Chapter 15 of Respectable Sins by Jerry Bridges talks about anger. Anger is a common reaction for many people in the world today. Someone does you wrong or hurts someone you love you feel angry. Anger comes in many ways and reasons. A child can become angry when they do not get their way. Someone may get angry when another is telling lies or letting them down. Bridges states that “Someone else's words or actions may become the occasion of our anger, but the cause lies deep within us — usually our pride, or selfishness, or desire to control”. (Bridges) Here Bridges is explaining the connection between anger and others' actions. It is easy to become frustrated with others when they do you wrong or harm you. Yet that is not what God tells us to do. In Ephesians 4:32 “ Be kind and compassionate to one another, forgiving each other, just as in Christ God forgave you.” This verse reminds us that we are to treat one another as God has treated and forgives us. We as people have wronged God many times through our sins. In this verse, God is sharing that if he can forgive our sins we must forgive others who have hurt or wronged us. If we don't, that often comes into anger, which isn't good for anyone in the equation.
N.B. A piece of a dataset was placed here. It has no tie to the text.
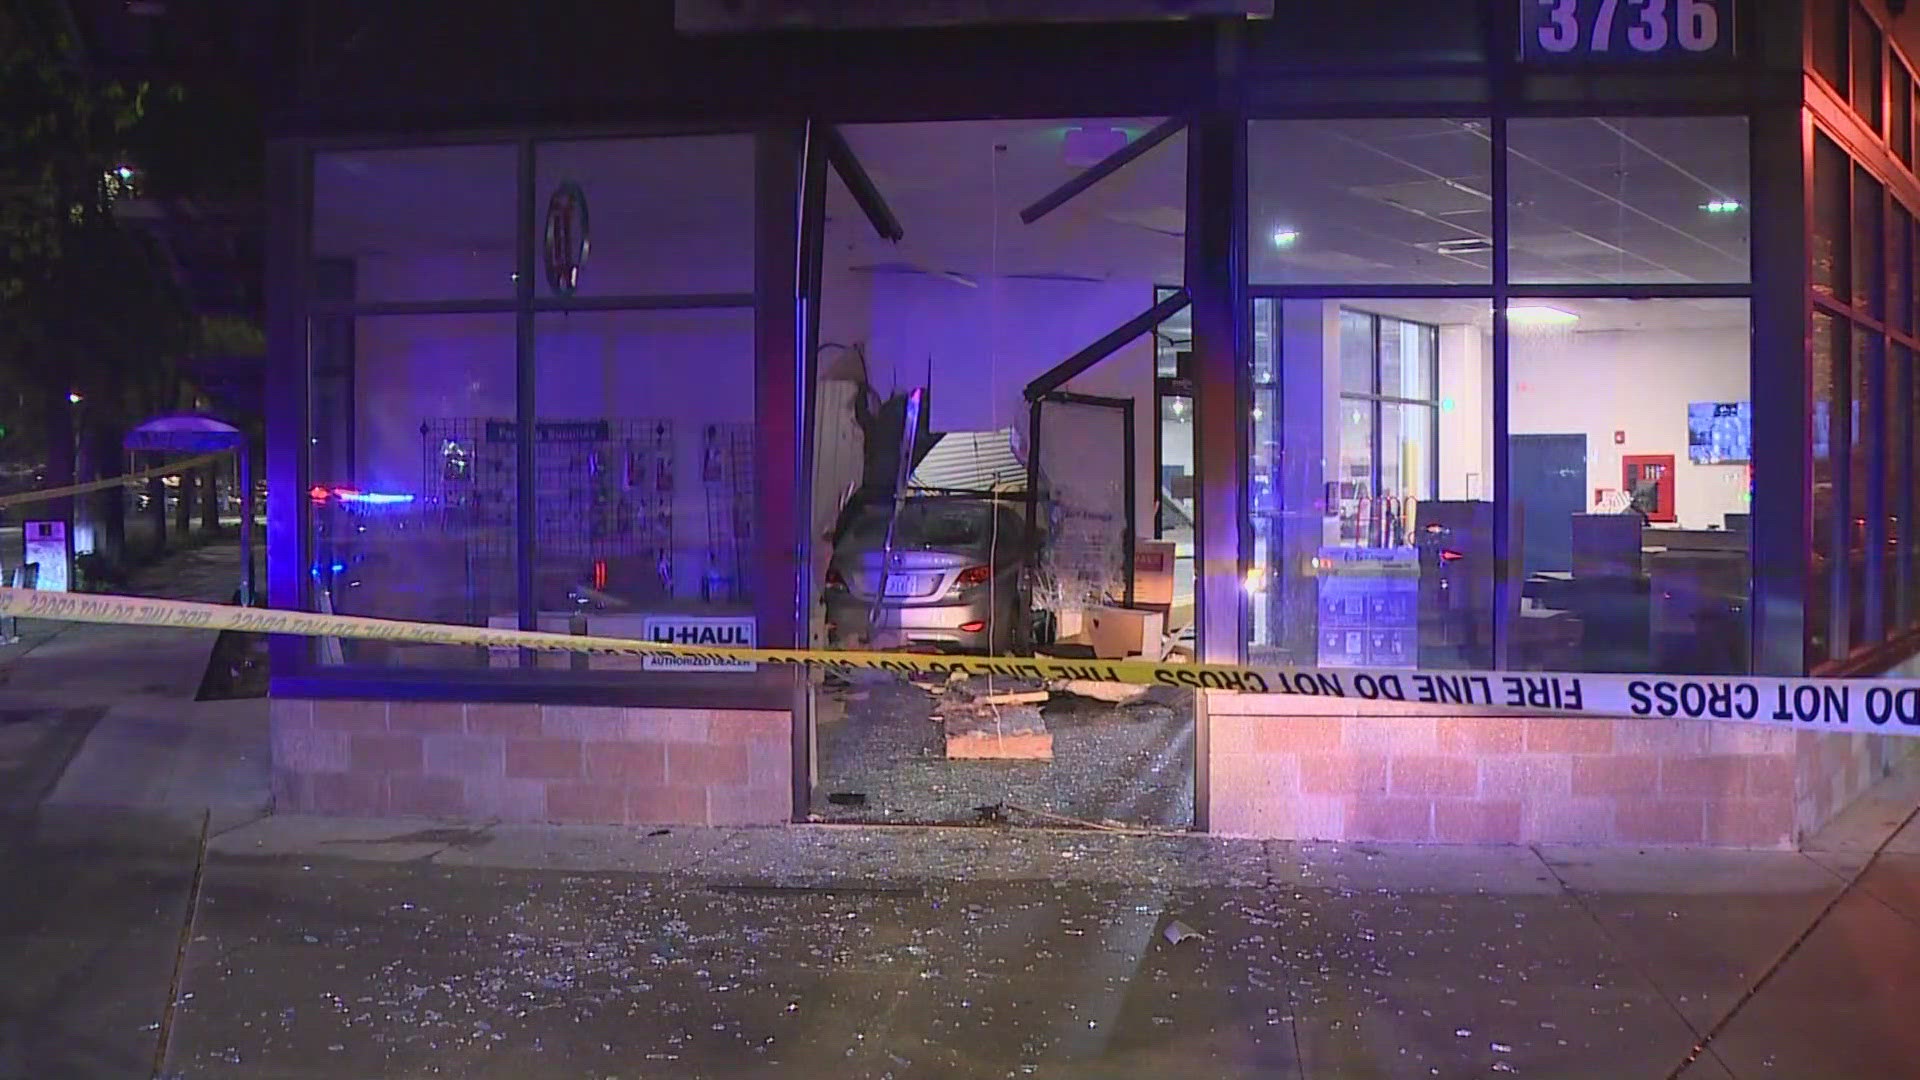 A 28-year-old driver was hospitalized after crashing into West Coast Self Storage near 33rd and Rainier Ave. in Seattle.

Many of you made have heard about the Oscars and the incident with Will Smith. This was a great example of anger and what it can lead to. Will got angry and decided to take that anger into action toward another person. This action has affected many people. Bridges explain well the different types of handling anger. Bridges states that “ “It’s safe to say that all of us get angry from time to time. The issue is how we handle it. Some people tend to internalize their anger and strong, usually hurtful language. Others will externalize it in more subtle ways, such as belittling or making sarcastic comments two or about the person who is the object of their anger. And then there’s a third group, who tend to internalize their anger in a form of resentment. All these expressions of anger are sin”. (Bridges) Understanding each of these will help guide you in which way you respond and help you evaluate your responses. Are you someone who responds to hurt by lashing out internally or externally? How can you work on this? This can help in reflection on how you respond to anger.

Photo by Simran Sood on Unsplash

Anger can first be seen inside as you are processing the feelings. Fox News shares, “When someone gets angry, their heart rate, blood pressure and energy hormones, like adrenaline, in our body increase, according to the American Psychological Association.” (FoxNews) This shows how when one becomes angry it starts inside and then can become an external issue. It is also important to think of the consequences that would come from your actions and those you are hurting. Fox News states that “Fisher recommends first aid techniques to deal with anger: “Stop. Think. Take look at the bigger picture. And think of the consequences.” (FoxNews) It is also important to think of other options such as deescalating the situation and speaking privately later. Fox News states that “Fisher also said Smith could have removed himself from the situation to avoid how it escalated: “He could have pulled Chris Rock aside afterward, or given his wife the choice and the space to do that herself”.(FoxNews)

It is important to evaluate the problem and how it could be better solved than with violence. There are always other options than violence. Taking time to communicate and forgive one another is always the better option for everyone involved.